Oh, you’re probably right @ChelseaQW. I just wanted to go easy on John for a change. 🙂
This is a great August 1986 hour long Paul McCartney interview by Barbara Hower from Entertainment This Week. She asked him a lot of great intelligent questions including how he felt about John Lennon’s horrible,tragic murder and she got a rare great interview out of him and he comes across as very likeable intelligent,funny,serious and charming.
This is really the best interview with Paul that I have ever seen or heard.She also talked to him about his drug arrests and all of drug related songs of The Beatles and his time in jail in Japan because of having tons of pot with him and she asked him after having so many groupies how has he managed to stat faithful to one woman,and he only half jokingly says it hasn’t been easy.And in between commercials Lionel Richie and David lee Roth talk about how great The Beatles,especially John and Paul were as song writers.
I still have this interview on an old VHS tape from the time. It’s not on youtube though for some reason. Unfortunately it gets interrupted by advertisements but then the interview resumes.But I just watched it again and there were no commercials now, I hope they don’t include them again.
Paul also says in this interview that soon after John died Yoko called him up and told Paul that John really loved him.
Notice how uncomfortable Paul’s face expression is for about a minute in this great August 1986 hour long Paul McCartney interview by Barbara Hower from Entertainment This Week when she says to him,probably your first great love before you married Linda was Jane Asher, it struck a chord.I’m sure that Paul was really in love with intelligent beautiful British actress Jane too,you don’t write the beautiful love songs such as And I Love Her,Things We Said Today, and Here There Everywhere,(plus the great songs he wrote about his arguments with her,which was his own fault because of his sexism constantly trying to get Jane to give up her acting career she loved so much and that she had been doing since she was 5 years old.She left him for good when in early 1968 after they had been lovers for 5 years and engaged to be married for 7 months,she found him in their bed in their house with another woman.
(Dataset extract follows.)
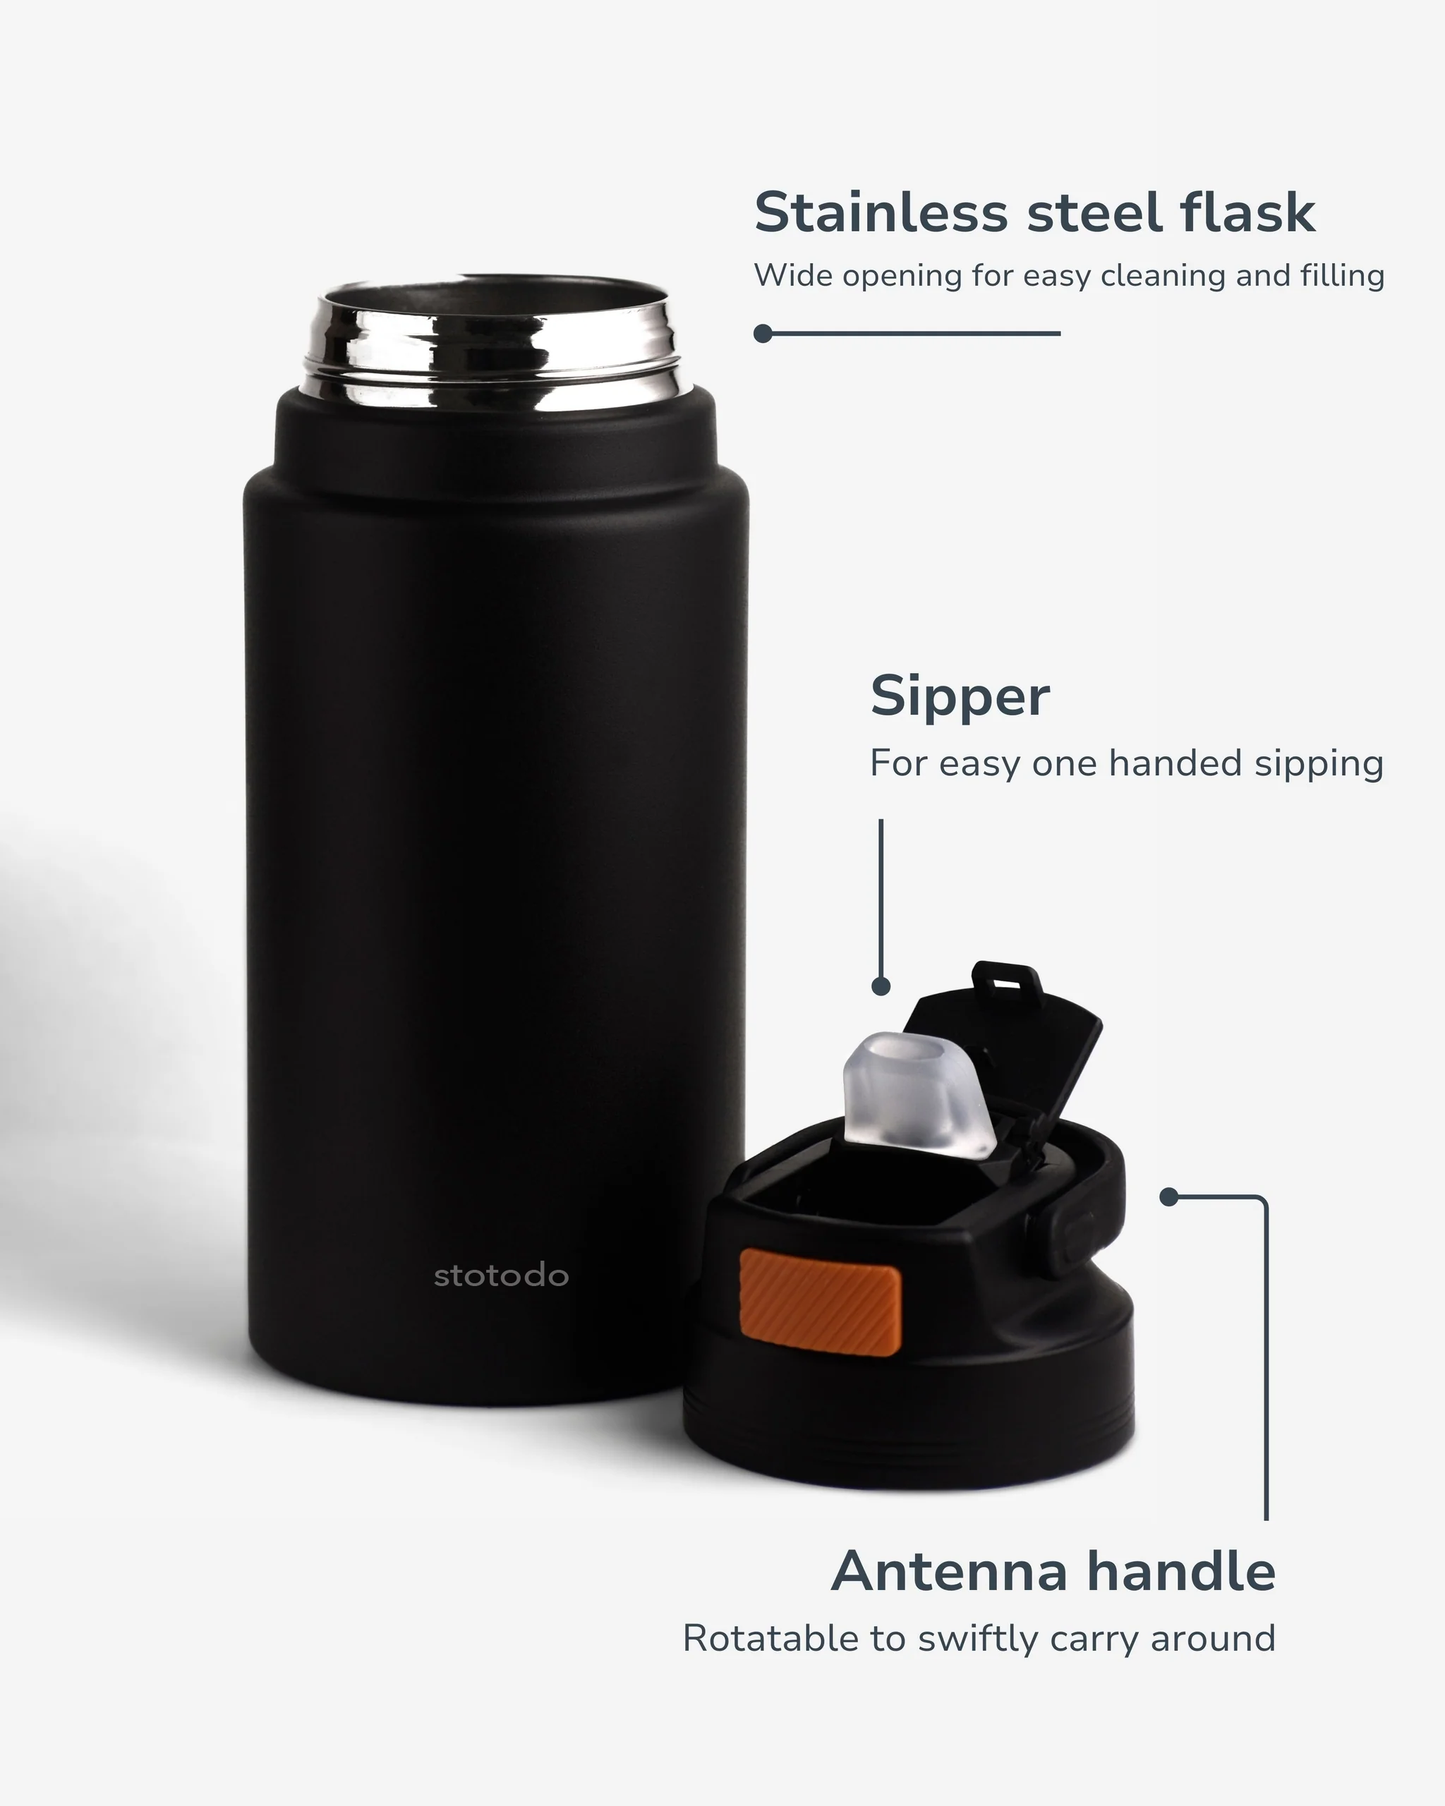 Droid sipper flask

http://www.dailymotion.com/video/x3qtunj
In this April/May 1982 New Music Express interview with Paul McCartney he’s asked about how he feels about John’s murder and the it’s a drag comment that he didn’t mean and how horribly up set he really was and is and how he and John really loved each other.Paul also says that soon after John died he spoke with Yoko on the phone,( in a 1986 Entertainment This Week interview he says Yoko called him the day after John died and told him that John would tell Yoko that he really loved Paul) and that Yoko said to Paul,John was really fond of you,you know.
http://www.beatlesinterviews.org/db1982.0400.beatles.html
I guess this means I have a weird sense of humor, but I wasn’t amused by any of the obvious jokes they made at this press conference. The part that made me laugh was when Ringo was asked if he carries any photos of his baby in his wallet, Ringo replies that he doesn’t carry any photos around with him.
And then John quietly explains the reason why Ringo has no need to: “He remembers.”
For some reason, that’s the sort of Lennon joke that always cracks me up. But I see how flat it falls on the page. And unquotable.
It’s not even a joke, really, but I find it hilarious.
I don’t at all agree that you can call songs like You Won’t See Me or I’m Looking Through You misoginist, just because they express negative feelings towards a woman. That makes them expressions of a certain disatisfaction in a relationship, which is completely OK. That doesn’t make them mysoginist. Mysoginy is something else entirely.